Walking slowly could be an early warning sign of illness! 

Walking slowly could be an early warning sign of illness: Reduced pace might indicate heart failure, dementia or cardiac disease.

Experts say walking speed is nearly as important as pulse rate or blood pressure. This backs up the 2011 study that found faster walkers could live up to ten years longer.

How quickly we walk offers significant clues about the state of our health, research suggests and a slowing pace could be an early warning of heart failure, dementia or cardiac disease. 

Scientists at the Massachusetts Institute of Technology believe walking speed is nearly as important as pulse rate or blood pressure.

They have developed a sensor that hangs on the wall and transmits radio waves to detect a person’s gait and stride length as they move about their home.

Experts think the WiGait device, which is roughly the size of a small flatscreen TV, can predict the onset of health problems through analysing the data it records.

The technology has been tested in care homes in the US and was able to measure walking speed with an accuracy of 95 to 99 per cent in the research phase.

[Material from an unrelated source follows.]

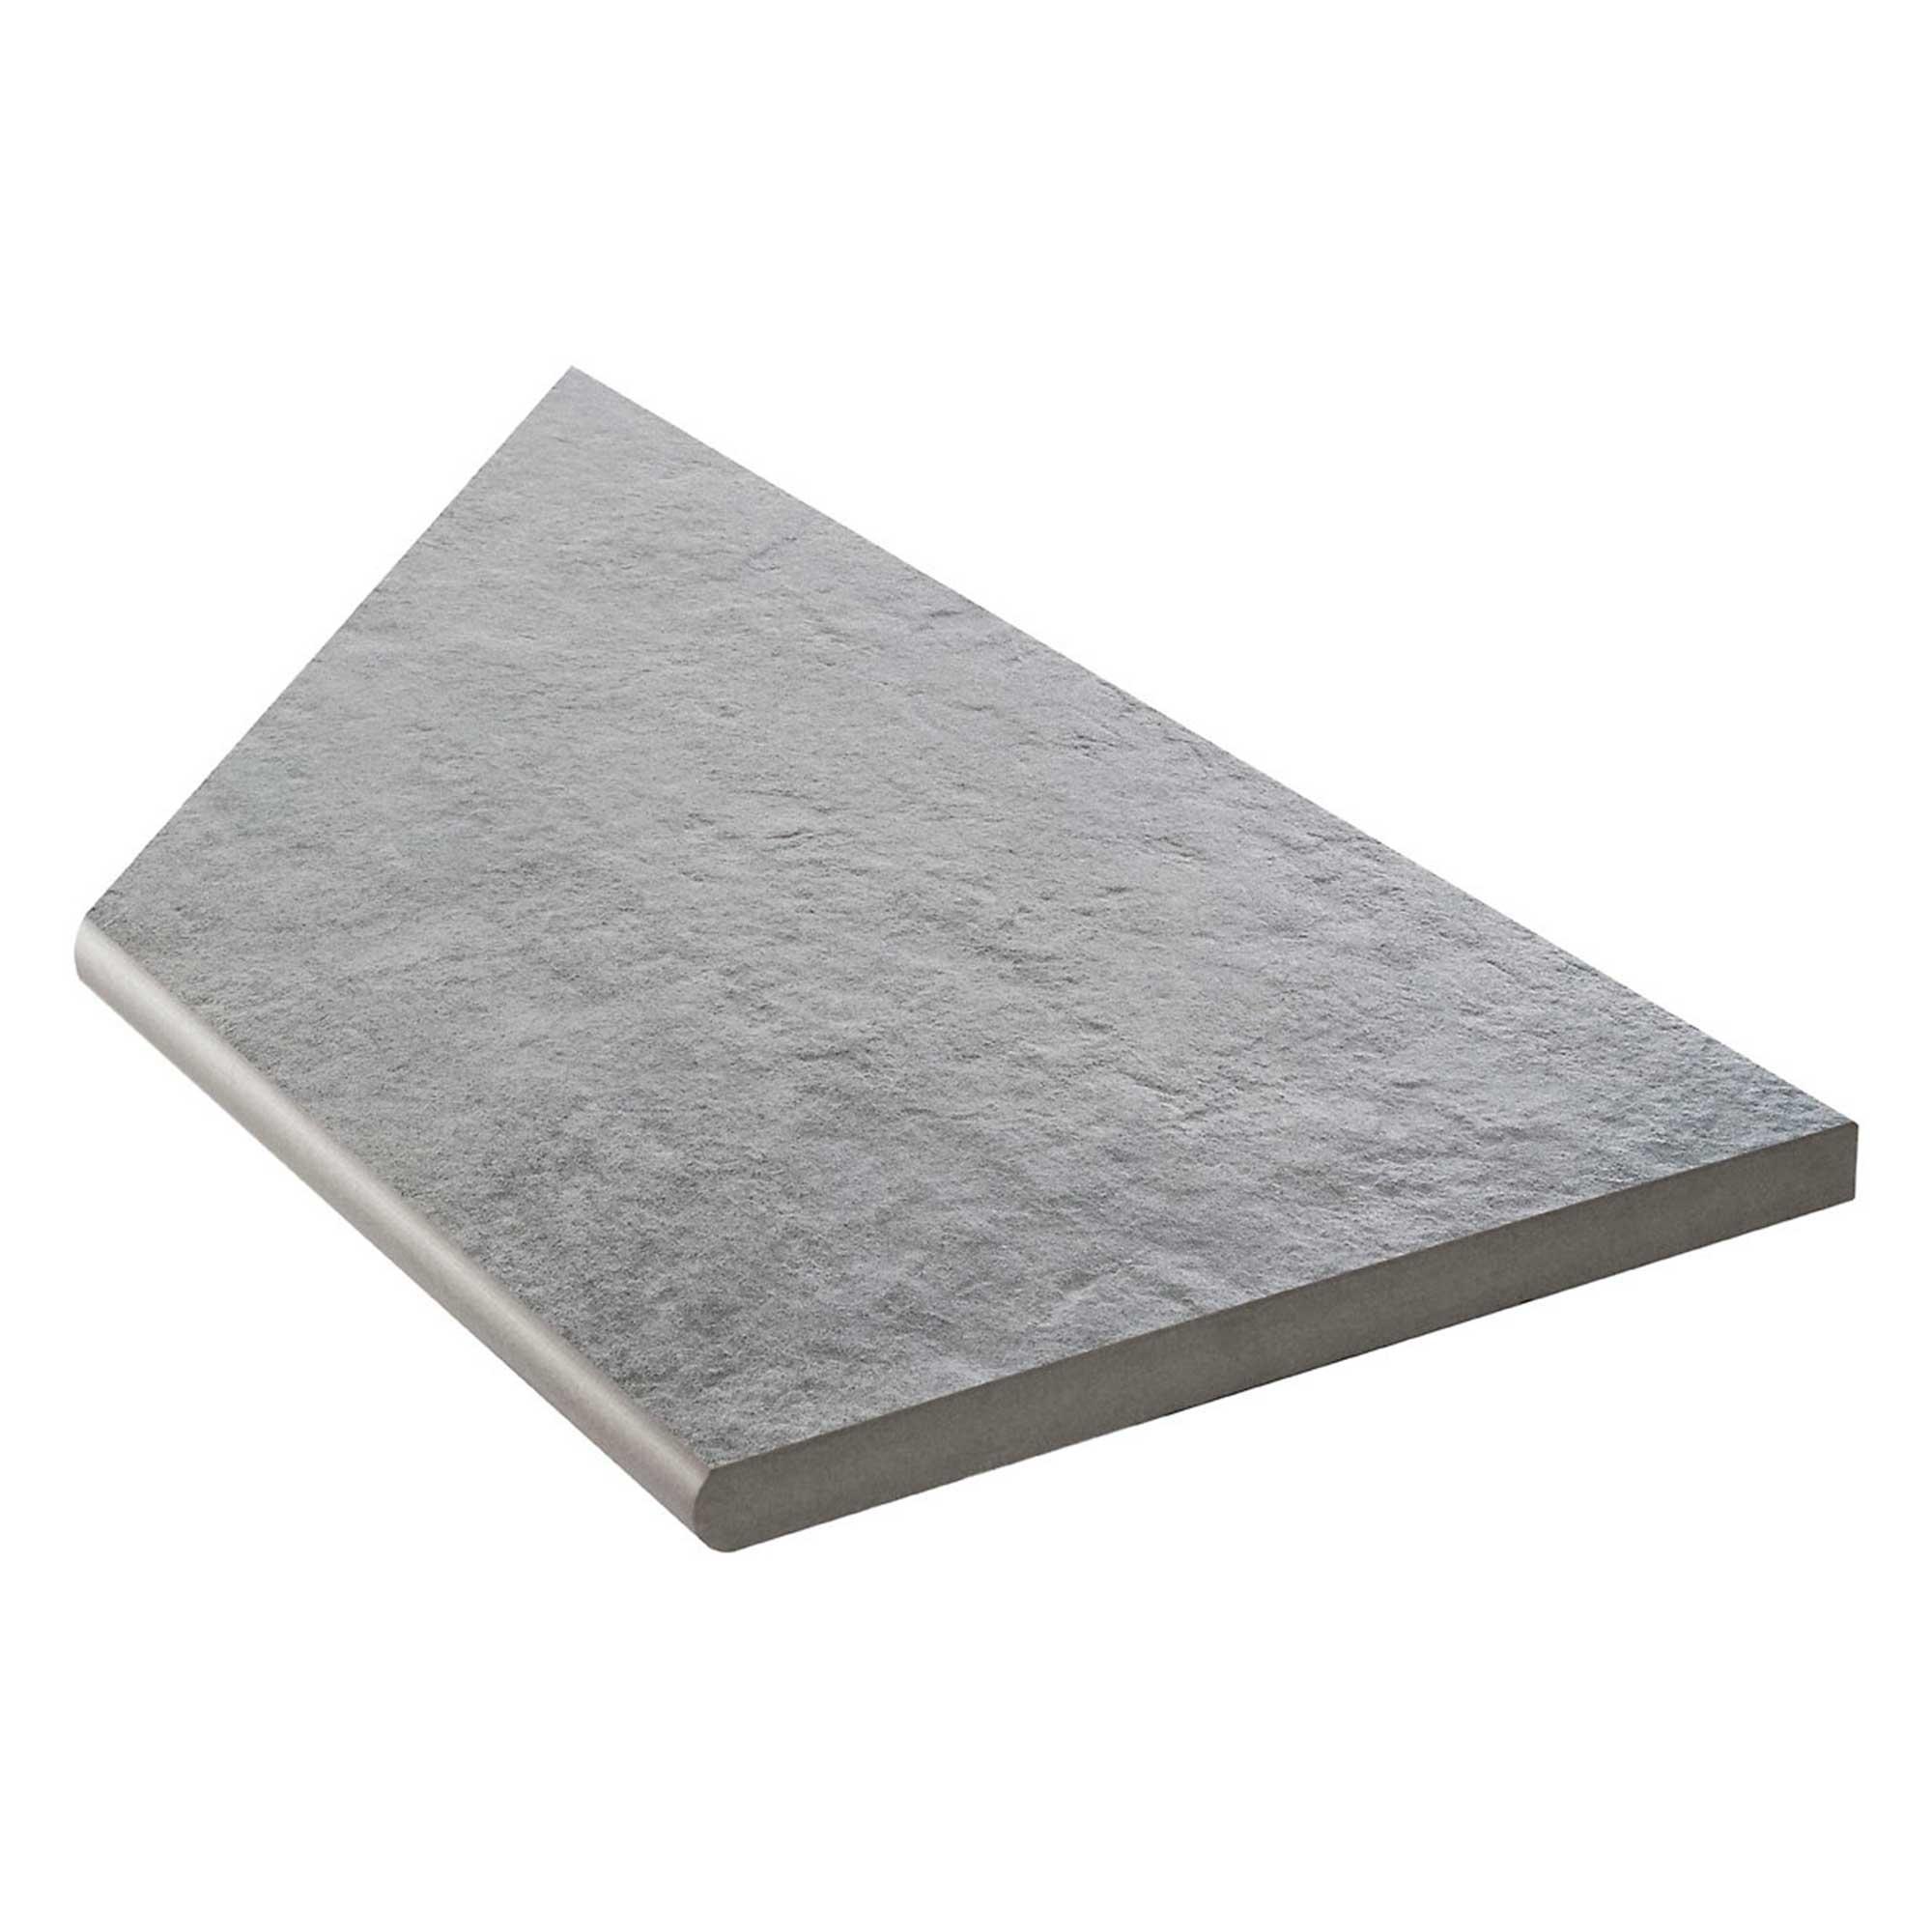 Klinker Bricmate Z Concrete Anthracite Inner Corner Right 30x60 cm
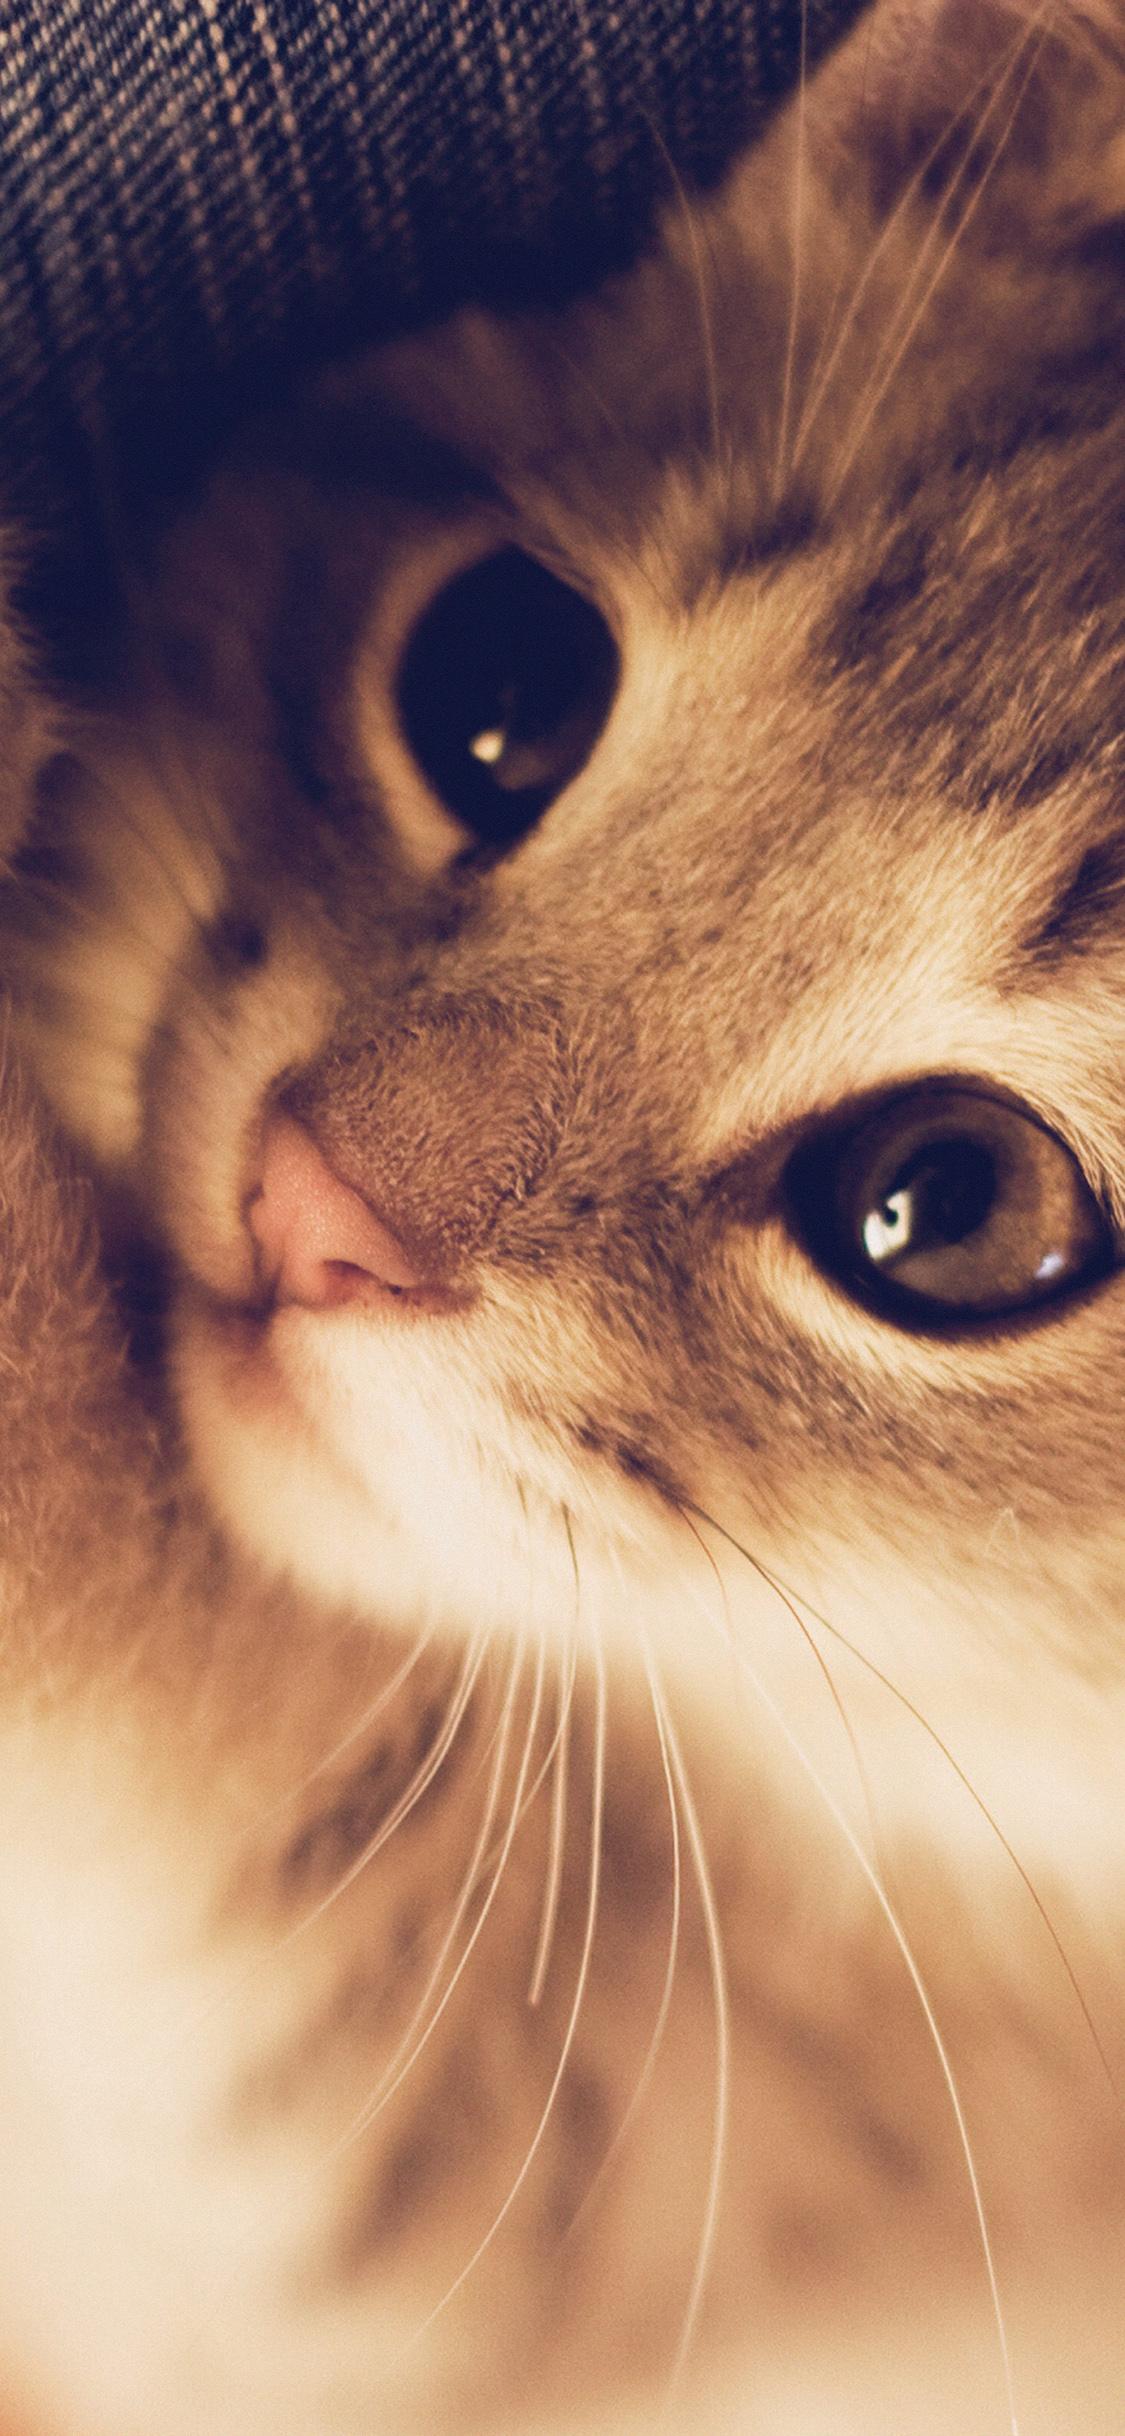 Iphonexpapers Mq77 Cute Cat Kitten Nature Animal

The waves emit 100 times less radiation than a mobile phone and can pass through walls, so that each unit can monitor a radius of 30ft to 40ft – covering an area roughly the size of a small flat.

Chen-Yu Hsu, a PhD student and lead author of the research, said that the device would be inexpensive if mass-produced and could also be used to monitor speeds of healthy individuals.

They would be able to view their walking speeds on an app and also receive alerts if they are too sedentary – encouraging them to take more exercise.

Such data could be particularly useful for doctors and relatives who want to keep an eye on an elderly person, with emergency alerts sent in the event of sudden decline.

Professor Dina Katabi, an author on the study, said: ‘Many avoidable hospitalisations are related to issues like falls, congestive heart disease, or chronic obstructive pulmonary disease, which have all been shown to be correlated to gait speed.’

The findings will be presented later this month at the ACM Conference on Human Factors in Computing Systems in Colorado. 

They back up a 2011 University of Pittsburgh study that found faster walkers could expect to live up to ten years longer.